Ада прижала меня к груди и повернулась, обращая к двери разгневанную спину. Ее негодующий залп прошел рядом с моим ухом:
– Да не входи же ты сюда!
И меня повернула вместе с собой. Я уставился мимо ее плеча сквозь дверь ванной в кабинет, где стояла, прислонясь к дверному косяку, Шелли в своей водолазке с поддернутыми рукавами. Она очень хорошо была мне видна, как и мы ей. Мне бросилось в глаза, что она ohne Bustenhalter [74] и довольно полногрудая. И я невольно, кроме того, очень ясно увидел то, что видела она: ее мать в белом нейлоновом медицинском халате прижимает к груди голого уродца.
74
Без бюстгальтера (нем.).
– Извиняюсь, – сказала Шелли. Глядя мне в глаза, чуть ли не подмигнула, по лицу прошла
крохотная тайная улыбочка. Оттолкнулась плечом от косяка, повернулась и шлеп-шлеп по голому полу кабинета.Ада, купая меня и укладывая, не произнесла ни слова помимо своих обычных ободряющих междометий. Когда достала бутылку, чтобы нам глотнуть на ночь, я увидел, что она размышляет, не предложить ли мне позвать Шелли присоединиться, и отвергает эту мысль. Шелли после ужина позаимствовала мой транзисторный приемник, и нам слышно было, как он в восточном крыле, где она обосновалась, играет рок с ритмическим боем, – будто едешь со спущенным колесом. Мы выпили вдвоем и поговорили на другие темы, обходя сегодняшнее.
Наконец Ада взгромоздилась на ноги, взяла стаканы и оглядела меня, проверяя, все ли нужное у меня есть. Вдохнула носом и, сжав губы, с присвистом выдохнула.

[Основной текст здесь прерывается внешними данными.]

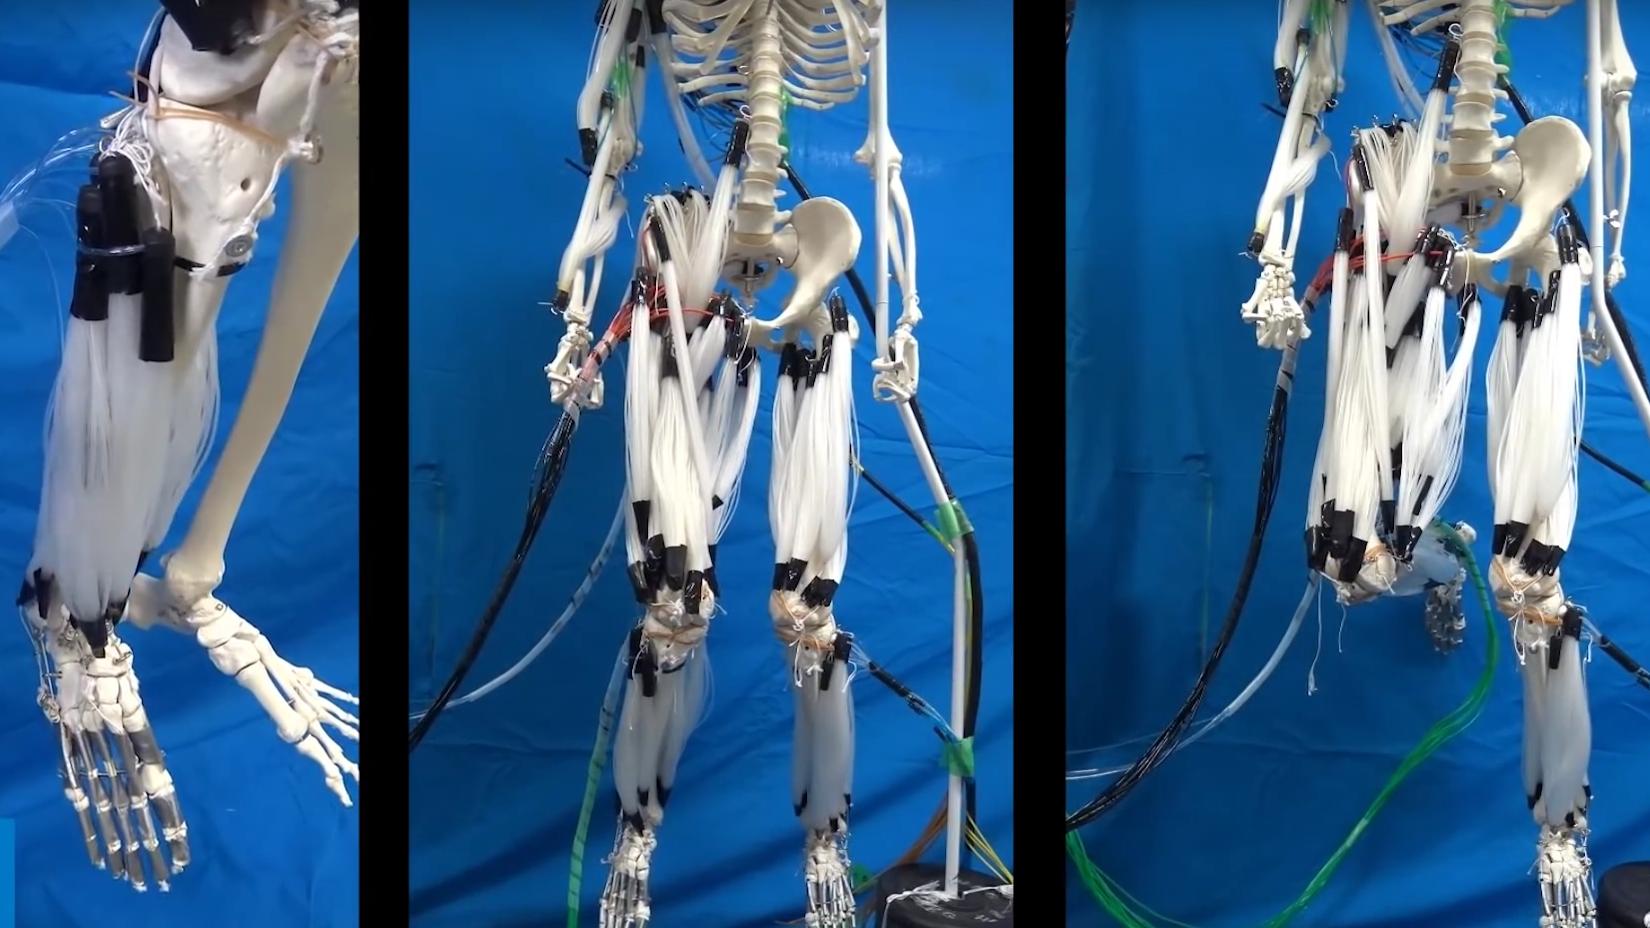 Denne roboten har muskler som fungerer på samme måte som hos mennesker

– Ну, терпи, раз такое дело, – сказала она.
– Терплю, терплю.
– Спи себе спокойно.
– Спасибо. Ты тоже. Не бери в голову. Скорее всего, его уже тут нет.
– Да не так меня он тревожит, как другое. Ну, доброй ночи тебе.
– И тебе.
Она вышла, грузная, огорченная. Послышалось пищеварительное урчание лифта, затем умолкло. Открылась и закрылась входная дверь, слышно было, как Ада хорошенько ее тряхнула, проверяя замок. В глубине дома по-прежнему тяжко наяривали электрогитары. Может быть, подумал я, она не выключает для успокоения, может быть, ей страшно все-таки. Может быть, она заявилась, когда Ада меня купала, потому что ей не по себе сделалось одной в пустом крыле.

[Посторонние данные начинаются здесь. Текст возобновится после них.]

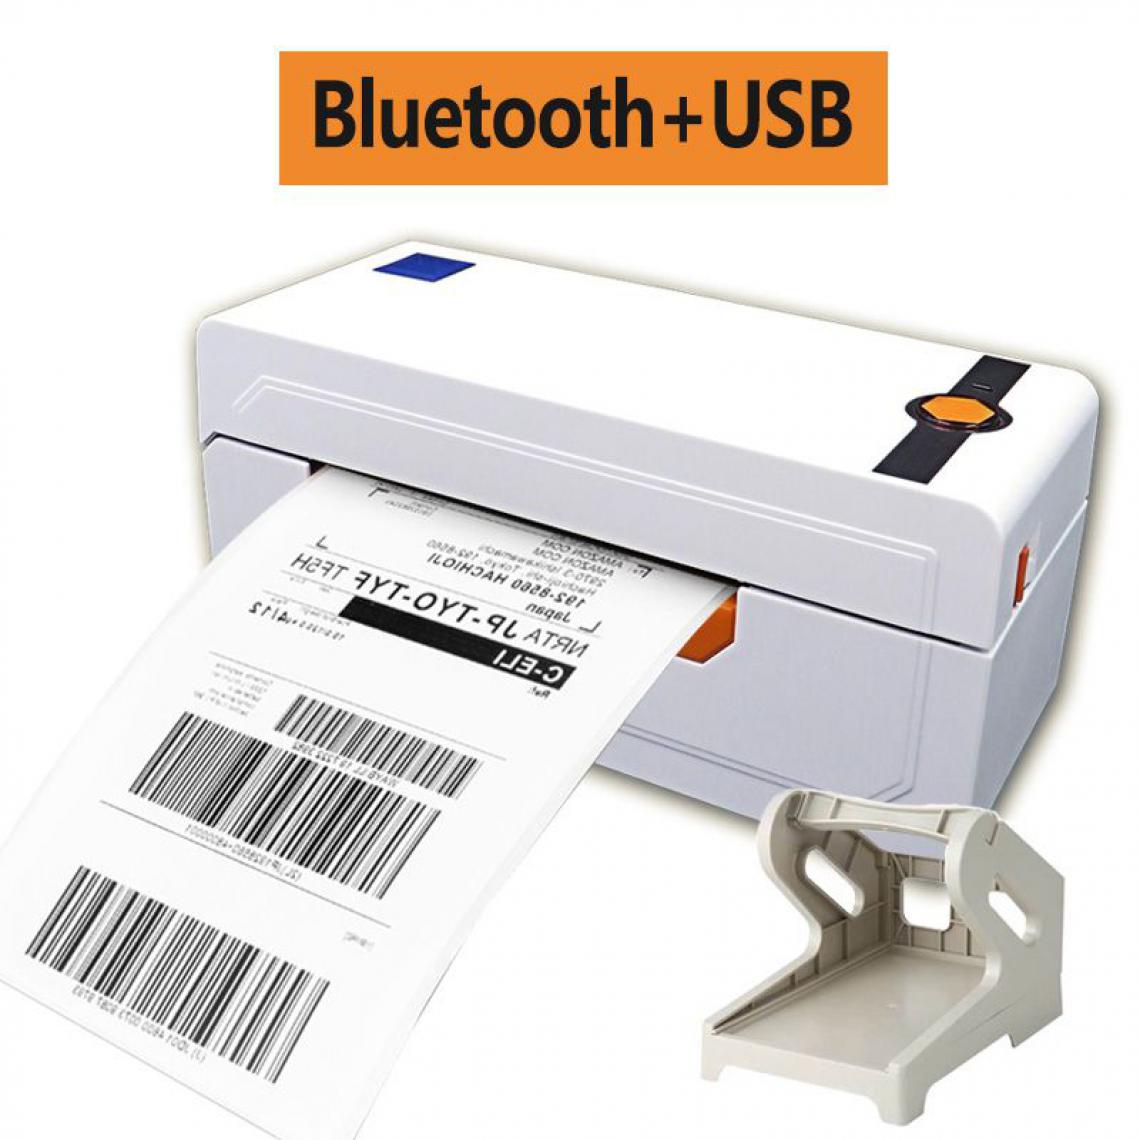 Generic - Imprimante Thermique Portable de Tickets de Caisse 20 à 80 mm avec Holder  , Connexion par  USB et Bluetooth  , Compatible avec Mac OS / IOS ,Linux , Window et  Android,- 8.2  * 9.2  * 20 cm  - Blanc   - Imprimantes d'étiquettes

Радио звучало до полуночи и дольше, не давая мне заснуть. В последний бессонный час, миновав стадию раздражения из-за характерной для нее бестактности, я постарался напрочь отключиться и от нее, и от ее торчка, и от нового мира, который он хочет построить и в котором она, кажется, не уверена. Не дам себя в это втянуть; если что – сразу звоню в полицию. Отрезано, баста, не желаю больше об этом думать. Назад к бабушке, в ее девятнадцатый век, где все куда более внятно – и проблемы, и люди.

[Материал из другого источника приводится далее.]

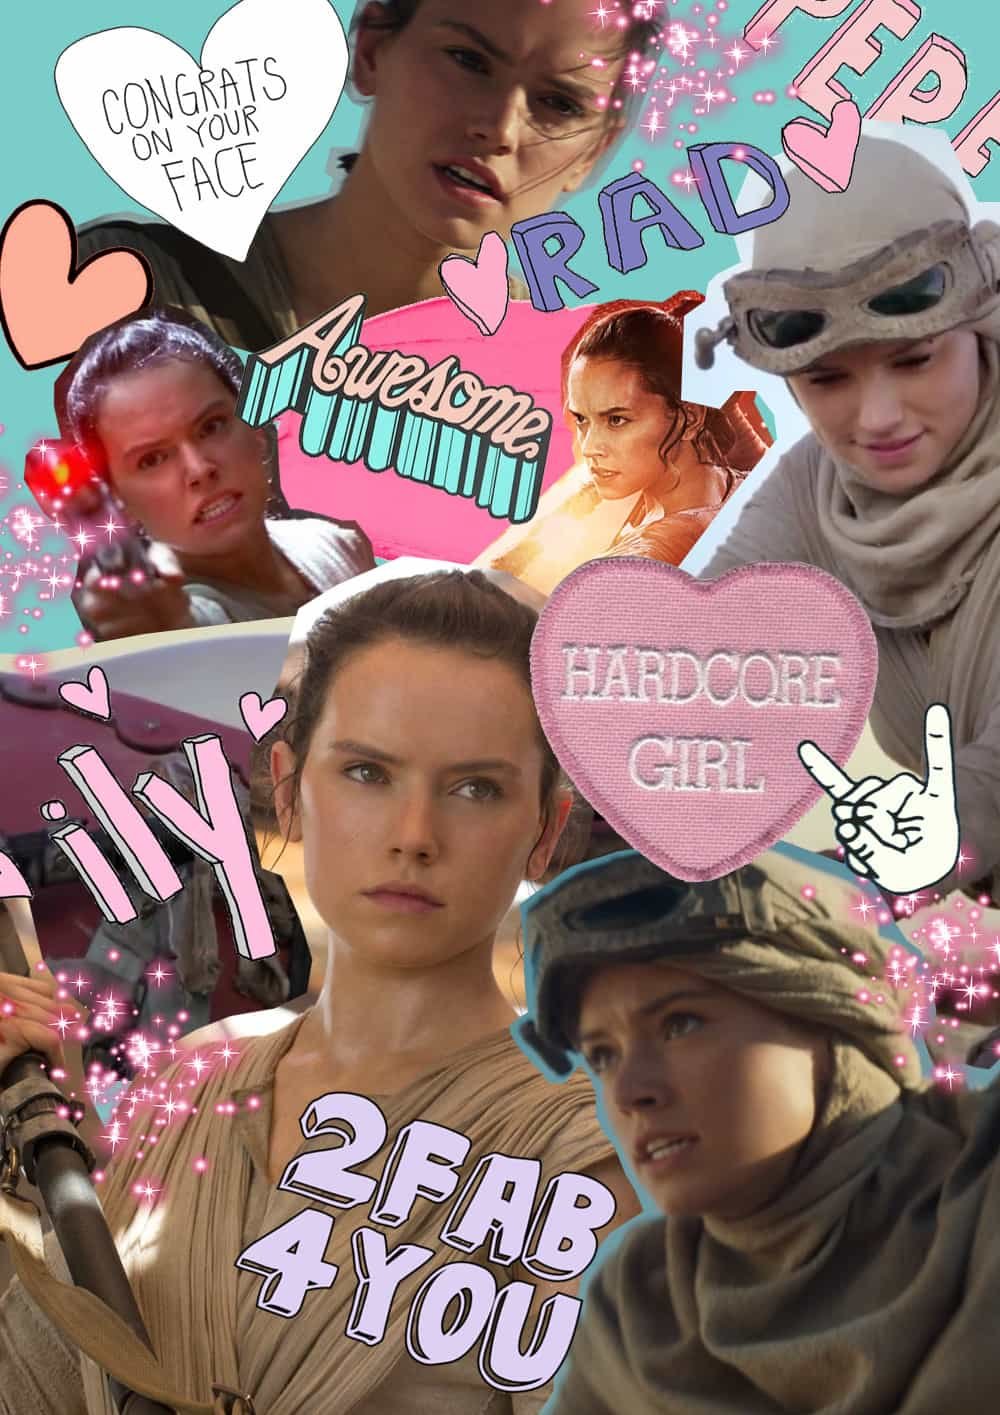 Rey Star Wars Collage, Hay una lesbiana en mi sopa

Что я решил сделать – и сделал сегодня с утра пораньше, – это пройтись по материалам, относящимся к Айдахо, и вынуть кое-какие письма. До Айдахо Шелли еще не добралась, но скоро доберется. Лучше избавить бабушку от ее бесцеремонного взгляда.
Среди последних материалов, которые Шелли для меня приготовила, февральский номер “Сенчури” за 1879 год с бабушкиным очерком о Санта-Крузе и десятью ее гравированными иллюстрациями. Полезно иметь перед собой ее картинки. Так легче представить себе этот сонный городок, который позже был переиначен – сначала парком развлечений, затем добропорядочными супружескими парами на пенсии, а после этого филиалом Калифорнийского университета. Без изображений я не смог бы вообразить себе, каким он был, когда они приехали туда из Нью-Альмадена. Попробую описать одно какое-нибудь утро.
Они сидели в укрытии меж двух желтых береговых скал, солнечном, но защищенном от ветра, прислонясь к выброшенному морем стволу дерева. Песок был сухой и светлый, приперченный золой береговых костров и затканный чем-то стелющимся, с пахучими фиолетовыми цветами. Ниже места, где они расположились, видно было, докуда доходит прилив, по валику из водорослей, мусора, выбеленных водой дощечек, мокрых перьев морских птиц; еще ниже берег был темный, гладкий и твердый. Мэриан толкала по нему коляску, оставляя блестящие изогнутые следы.